=== Requirement ===
When you copy the data, keep every line exactly as written and skip the pictures.

BEGIN Supplied material

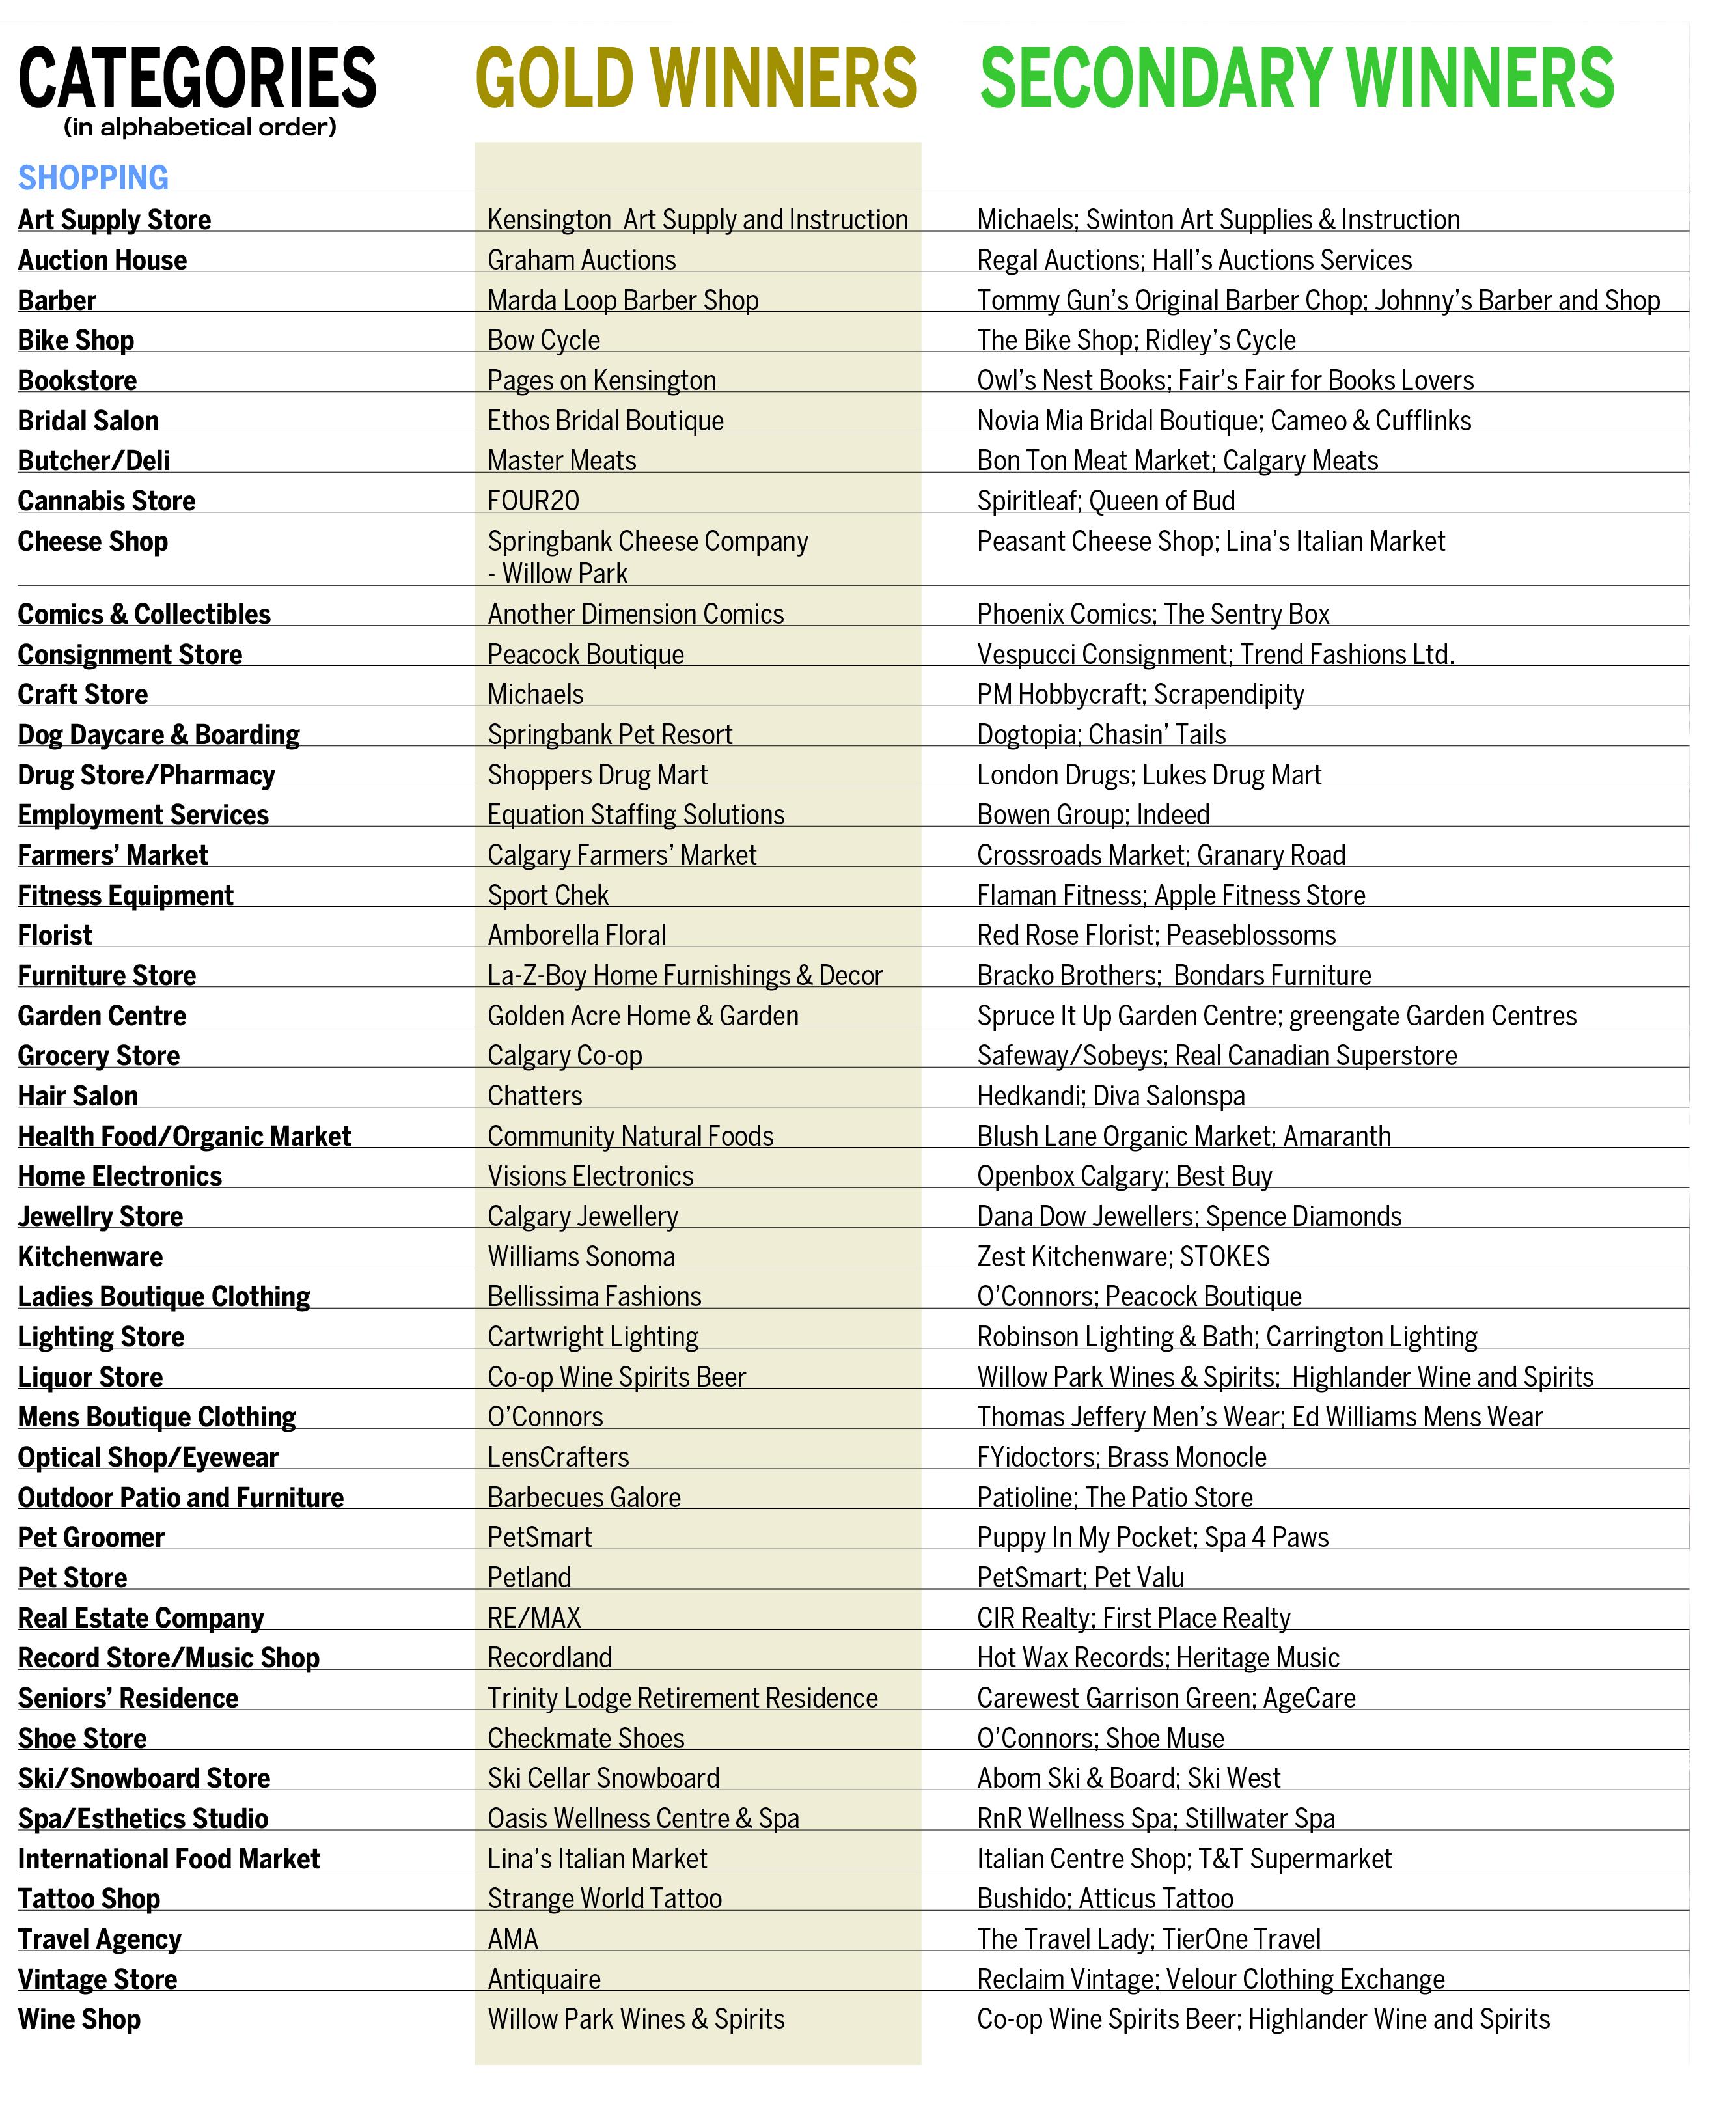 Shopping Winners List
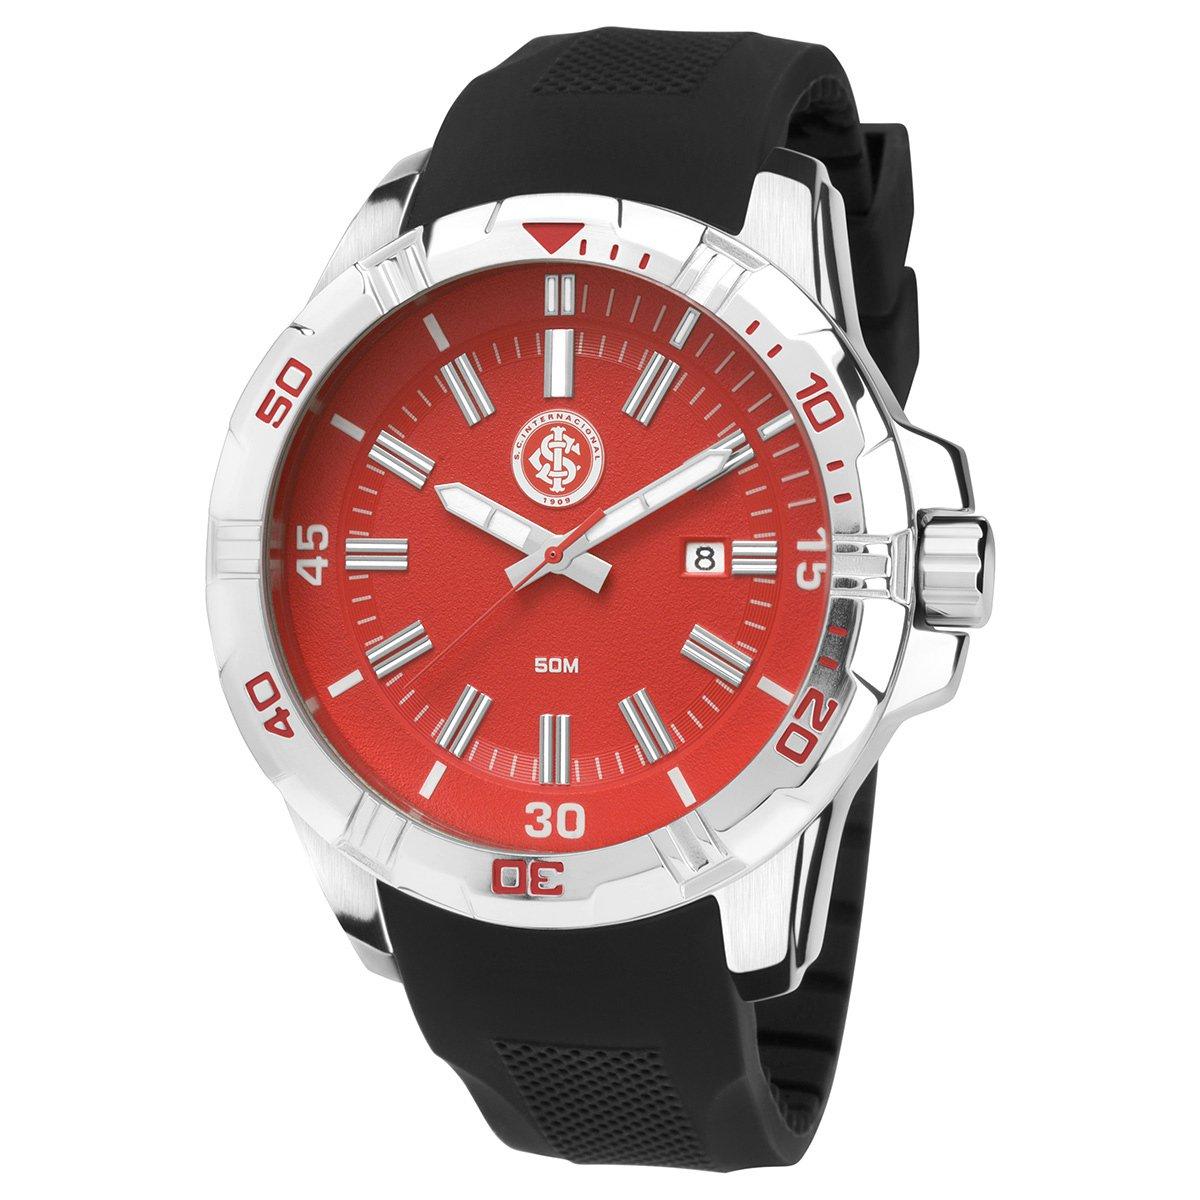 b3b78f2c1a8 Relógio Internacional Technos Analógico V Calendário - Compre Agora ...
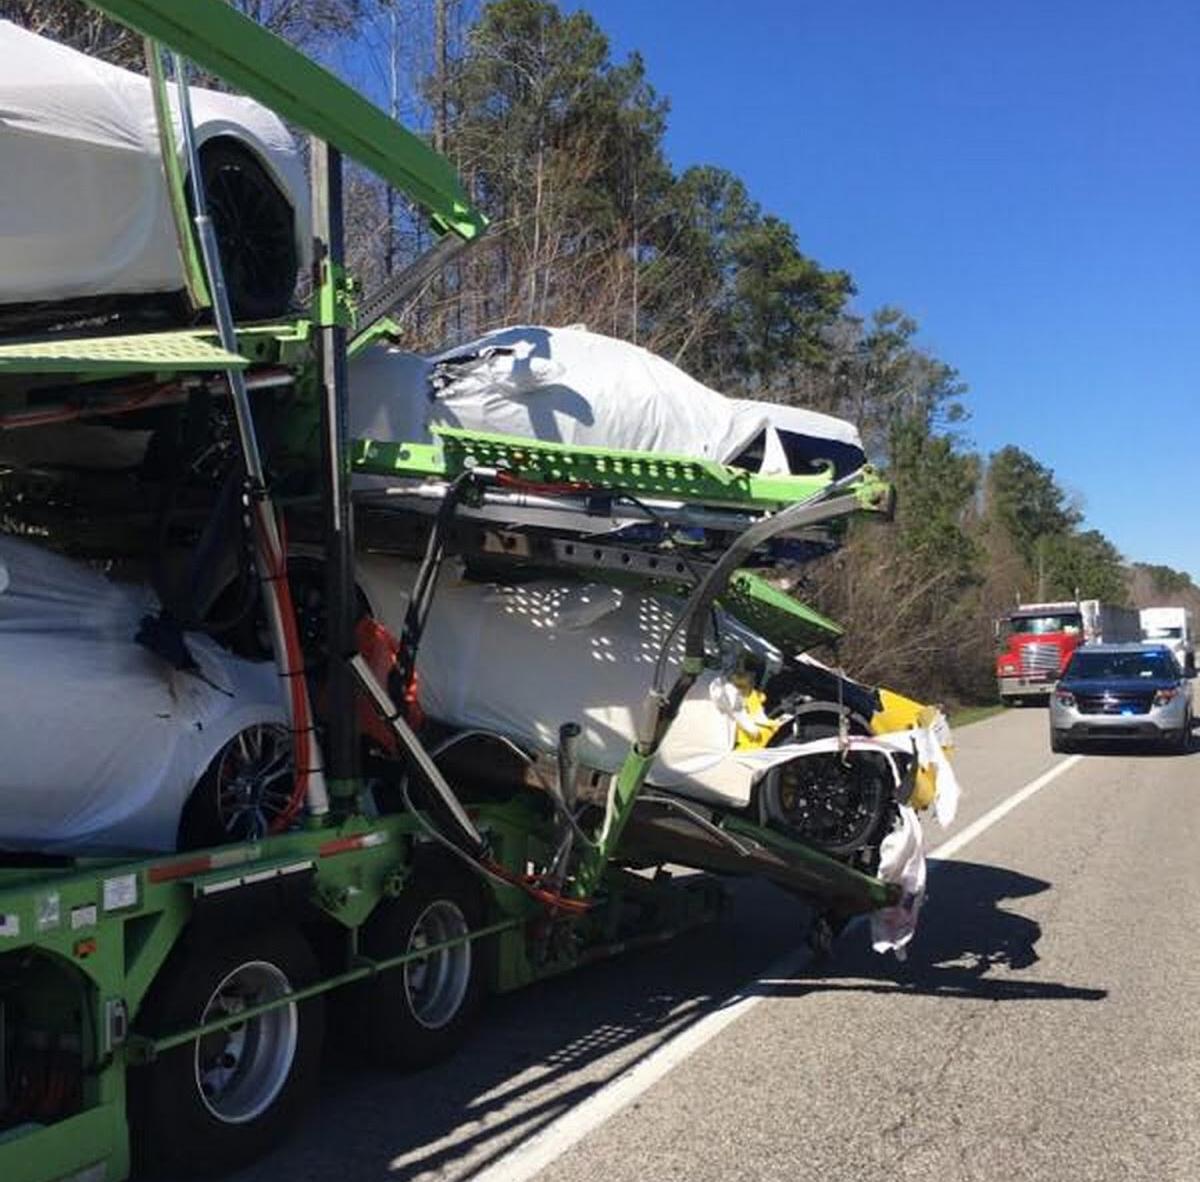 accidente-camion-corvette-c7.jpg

END Supplied material

=== Finished exercise ===
 Shopping Winners List
 b3b78f2c1a8 Relógio Internacional Technos Analógico V Calendário - Compre Agora ...
 accidente-camion-corvette-c7.jpg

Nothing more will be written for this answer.